India's Complex Language Challenge

India's Complex Language Challenge

The New Education Policy is here. There are many good ideas in it and students (in Govt Schools) would benefit if some of them are implemented. Private school education has not waited for Government policy and they will continue to evolve faster than Govt policy. The NEP had its share of controversies over medium of teaching with an emphasis on local languages. Actually, most of the teaching in Govt schools is in local languages even today and am unclear why so many have concerns around it. Still the minister in charge had to issue a clarification.

Local language enthusiasts are right about one thing though, English language education places a lot of people at a disadvantage as they reach closer to college level. It imposes an unnecessary mental burden and only those with high self confidence overcome this barrier. In my view it is a national loss when you see so many talented people lost due to discomfort with the English language.

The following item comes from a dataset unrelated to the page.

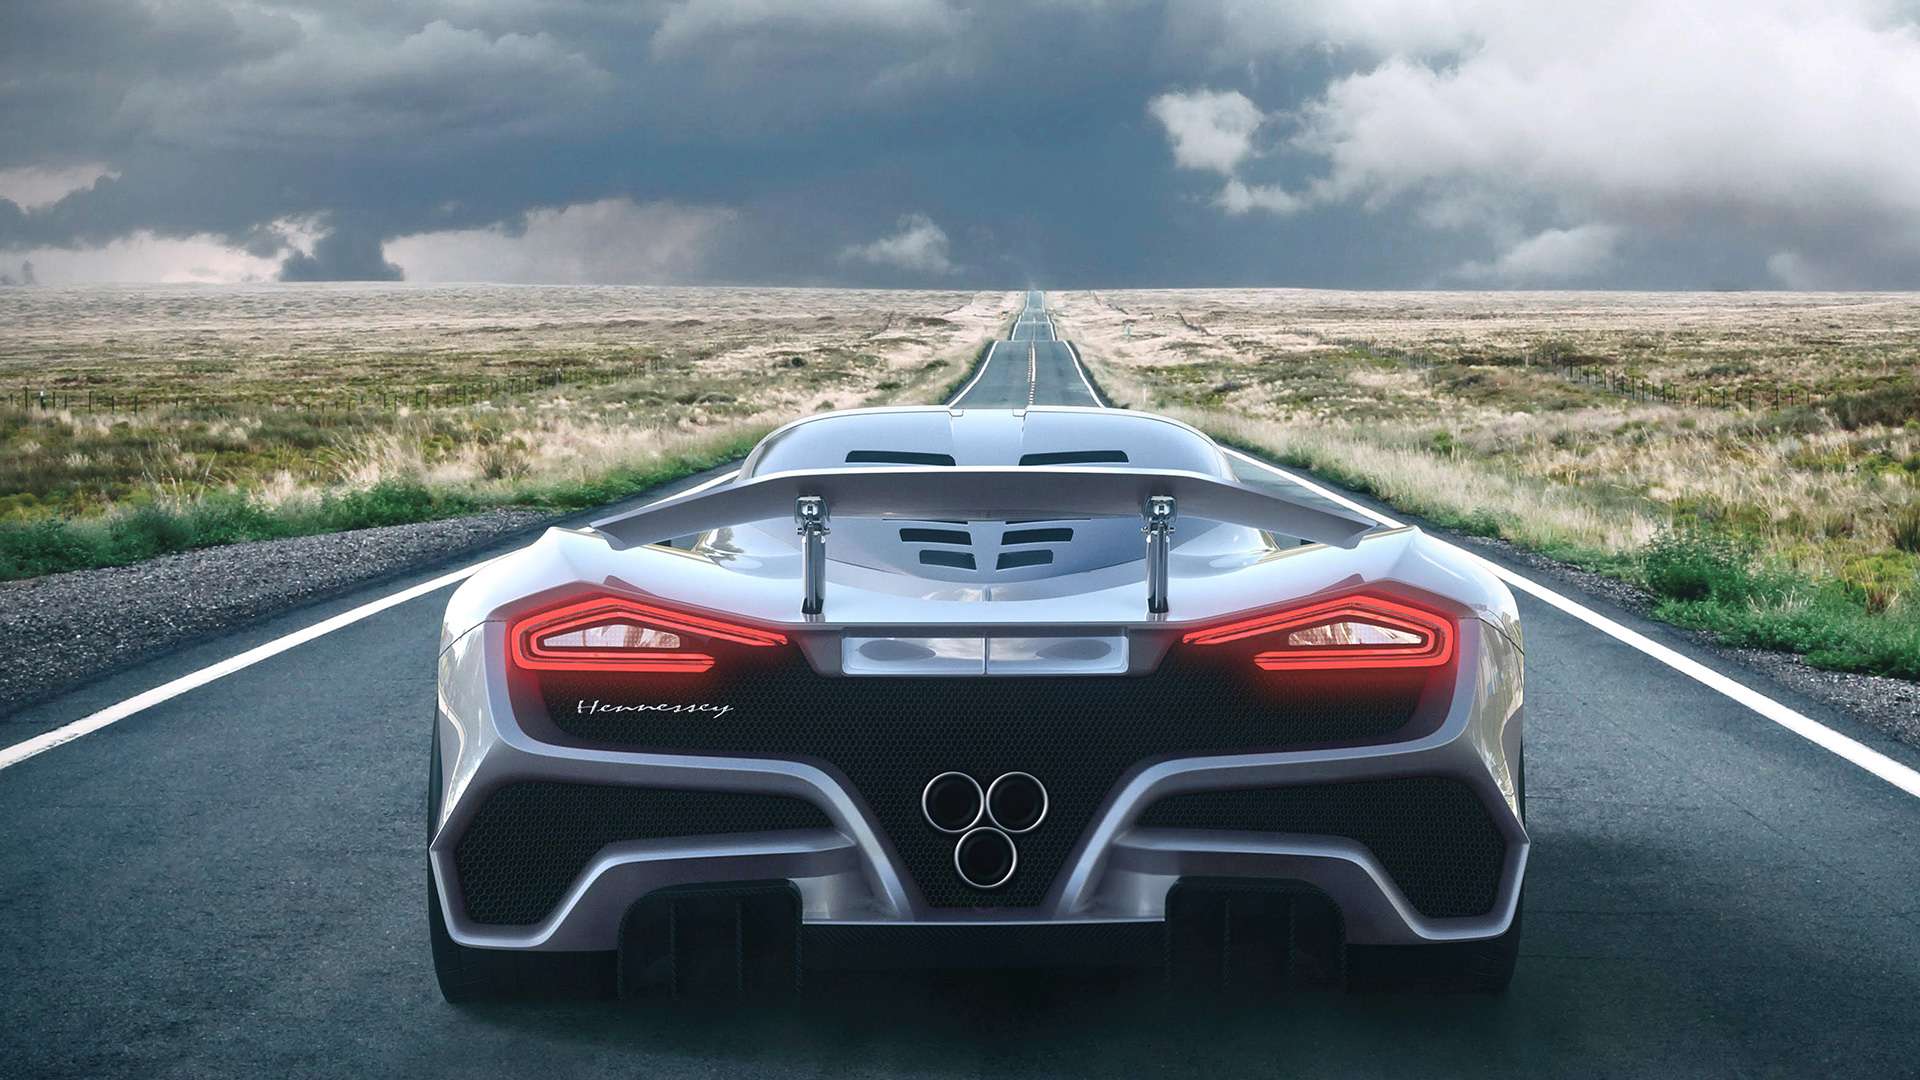 Hennessy Car Company Logo - The Hennessey Venom F5 Is America's 1,600-HP, 301-MPH Hypercar - The ...

However, the language issue is much more complex that we are willing to discuss and debate

  • The nation is a mix of numerous languages and dialects. Both Hindi and English serve a purpose but both are inefficient.
  • I have already spoken about the challenges with English. Hindi is a practical language to get things done but is a huge problem when it comes to social networks. At workplaces and communities you have two social groups, people who speak Hindi as native language and people who don't. The tendency to form groups within our languages, our cities, our towns, our colleges, our religion and our castes is normal behaviour in India (whether we approve of it or not). However, with a fragmented non-Hindi speaking base, we are offering Hindi speakers an unnecessary advantage. Group behaviours are always exclusionary and this is not just about Hindi or English, that is the general tendency of groups. This by the way is the same problem with English now except that the problem is scaled up higher.
  • So far the language issue has been under the surface as the economic disparities have remained low and economic growth quite decent. We are now heading to a newer territory with low growth and high disparity, how this will playout is difficult to say.

There are no easy solutions to be honest. Workplaces need common language and with Hindi speakers at fertility levels of nearly 3, the number of hindi speakers will cross a majority mark nationally in 10 years time. It was 37%, 50 years ago. So it is natural for people to use a language that comes naturally to them. This is an issue that must be handled with a lot of care and sensitivity and one would say that has been the case so far. But with elections becoming increasingly vicious, Hindi as an issue will keep popping up more often in the discussion than ever before.